Although there is much evidence that glycogen is involved in supporting colonization by Lactobacillus, there are still several mysteries for understanding how this bacterium is able to maintain dominance in the genital tract. For example, if glycogen can be utilized by bacteria other than Lactobacillus, does glycogen also contribute to growth of anaerobes or other pathogens? Under conditions of high acidity due to a microbiota dominated by Lactobacillus, growth of the other bacteria is inhibited. However, when the pH increases, do the anaerobes deplete the glycogen and prevent the re-establishment of a dominant Lactobacillus? Another unresolved issue is that many genital isolates of Lactobacillus do not appear to be able to use glycogen as an energy source in vitro. Thus, a number of studies including those by Stewart-Tull,43 and more recently, Martin et al.44 showed that most genital Lactobacillus isolates could not use glycogen. Wylie and Henderson45 found that of 42 genital tract Lactobacillus isolates, only one could use glycogen obtained from oysters. To determine whether the source of glycogen could affect Lactobacillus growth, glycogen was also isolated from human vaginal tissue.
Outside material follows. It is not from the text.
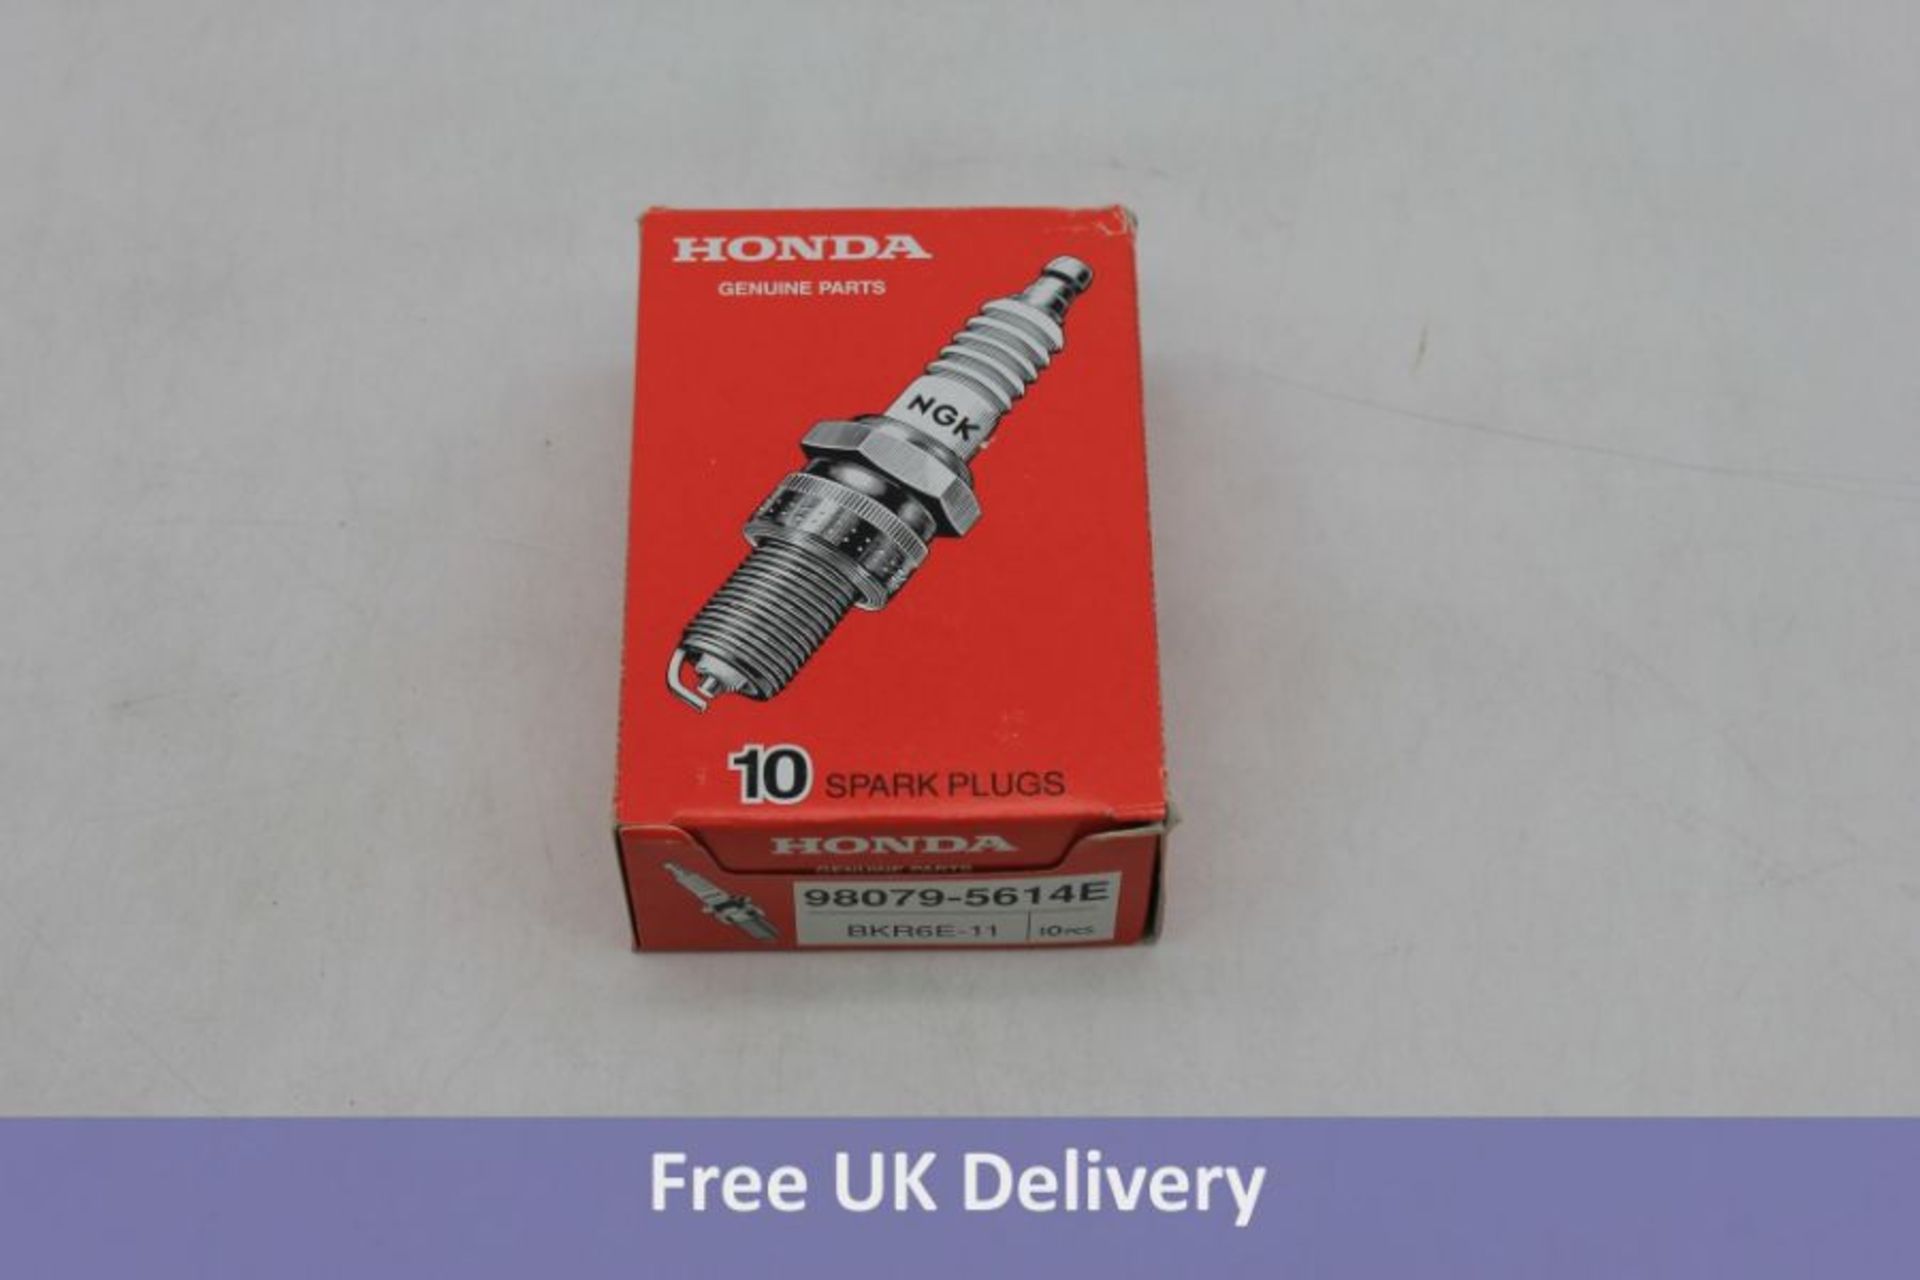 Two Packs of Honda Genuine Parts BKR6E-11 Spark Plug. 10 pieces per pack

Only three isolates of 42 could grow on human glycogen. Similar results have been observed in our laboratory where genital isolates of L. gasseri (Fig. 2), L. jensenii (not shown) and Lactobacillus johnsonii (not shown) are not capable growing when glycogen is the only carbohydrate source in the medium.

While many Lactobacillus genital isolates cannot utilize glycogen, they can use smaller carbohydrates such as glucose (Fig. 2) or maltose. Interestingly, we recently found that most of the women that we have so far tested have an activity in their lower genital tract secretions that breaks down glycogen into the smaller carbohydrates (manuscript in preparation). We are currently investigating whether this glycogen-olytic activity can in combination with glycogen help support growth of Lactobacillus either in vitro or in vivo.

Conclusion

The microbiota of the female genital tract appears to play an important role in the HIV epidemic. Further studies to determine the factors that affect the colonization of the female genital tract by Lactobacillus are of critical need.

Funding

This work was supported by NIH Grants P01 AI082971 and P30 AI 082151.